Selfhood and Agency: Understanding Individualism
An individualistic conception of society and persons has been central to modern ‘western’ self-understanding. Obvious within pop culture, entertainment and media, it is equally evident in areas as disparate as psychological theorizing, liberal political ideology, and rights-based ethics and morality. Clearly it plays the crucial role in our understanding of the self and of personal identity. What are the historical roots of this conception? What is its moral appeal? What are its epistemological ramifications? Is individualism a viable or coherent notion? This course uses Charles Taylor’s seminal work Sources of the self to investigate these questions and inform a discussion of the postmodern critique of individualism, in particular focusing on the newly-emphasized significance of language and tradition.

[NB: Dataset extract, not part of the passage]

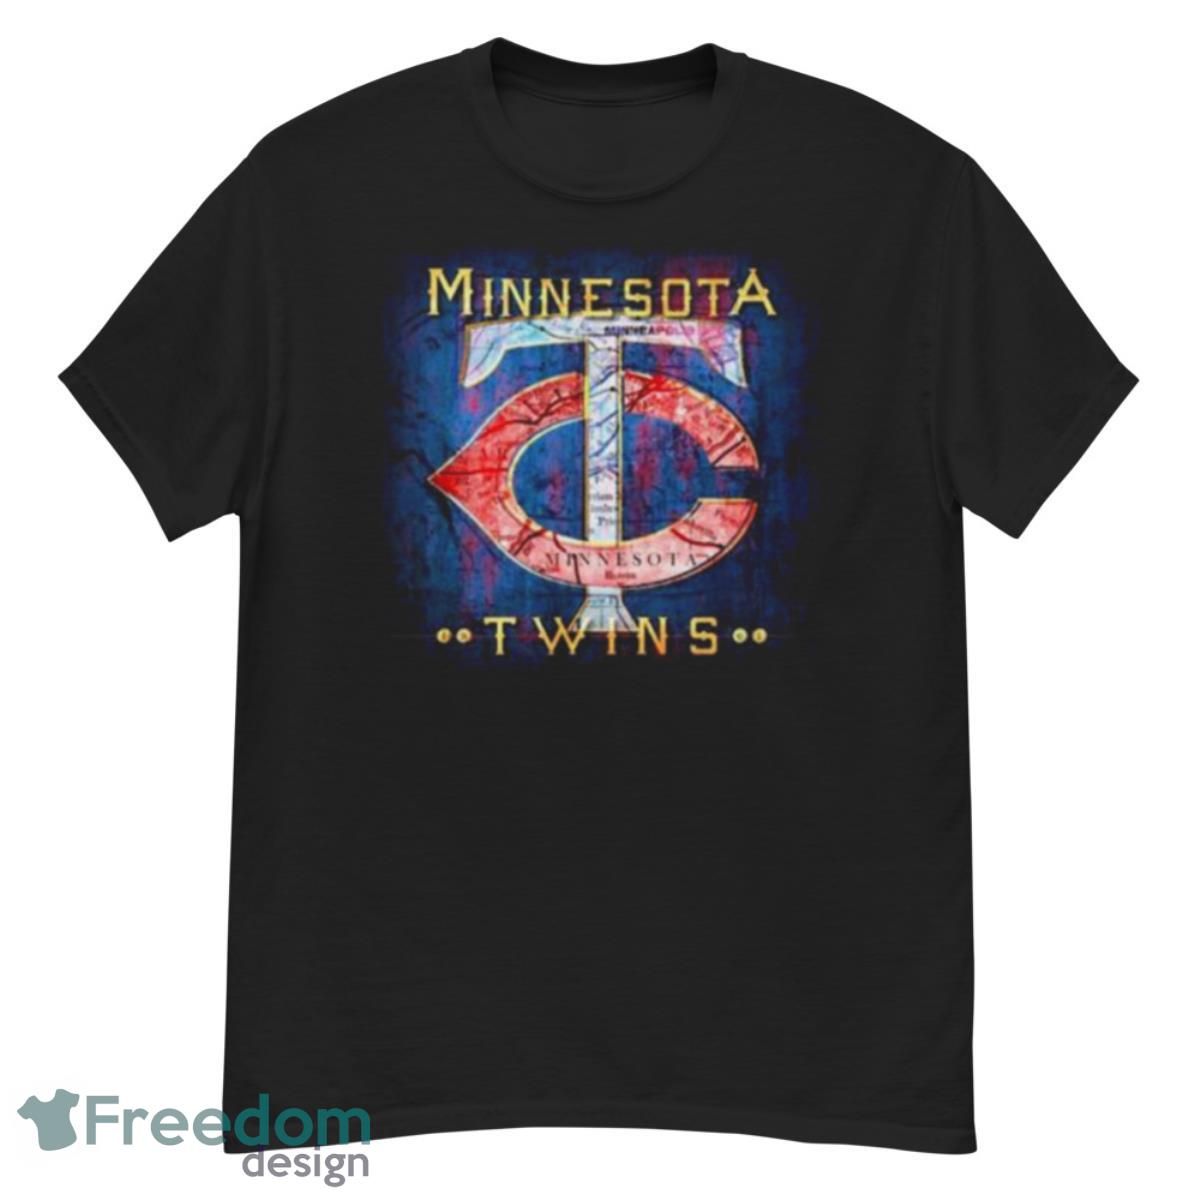 MLB World Tour Minnesota Twins baseball logo 2023 shirt, hoodie

As an independent reading course, students will be expected to conduct extensive reading and research independently. The central outcome of the course will be one major research paper of either conference-level presentation quality or journal-submittable quality.
Baumeister, R. (1986). Identity: cultural change and the struggle for self. New York & Oxford: Oxford Univ. Press. (pp. 3-17, 28, 57-58, 246-265)
Taylor, C. (1989). Sources of the self. Harvard: Harvard University Press.
Texts (recommended but not required):
Dumont, L. (1986). Essays on individualism: modern ideology in anthropological perspective. Chicago: University of Chicago.
Weintraub, K. J. (1978). The value of the individual: Self and circumstance in autobiography. Chicago: University of Chicago Press.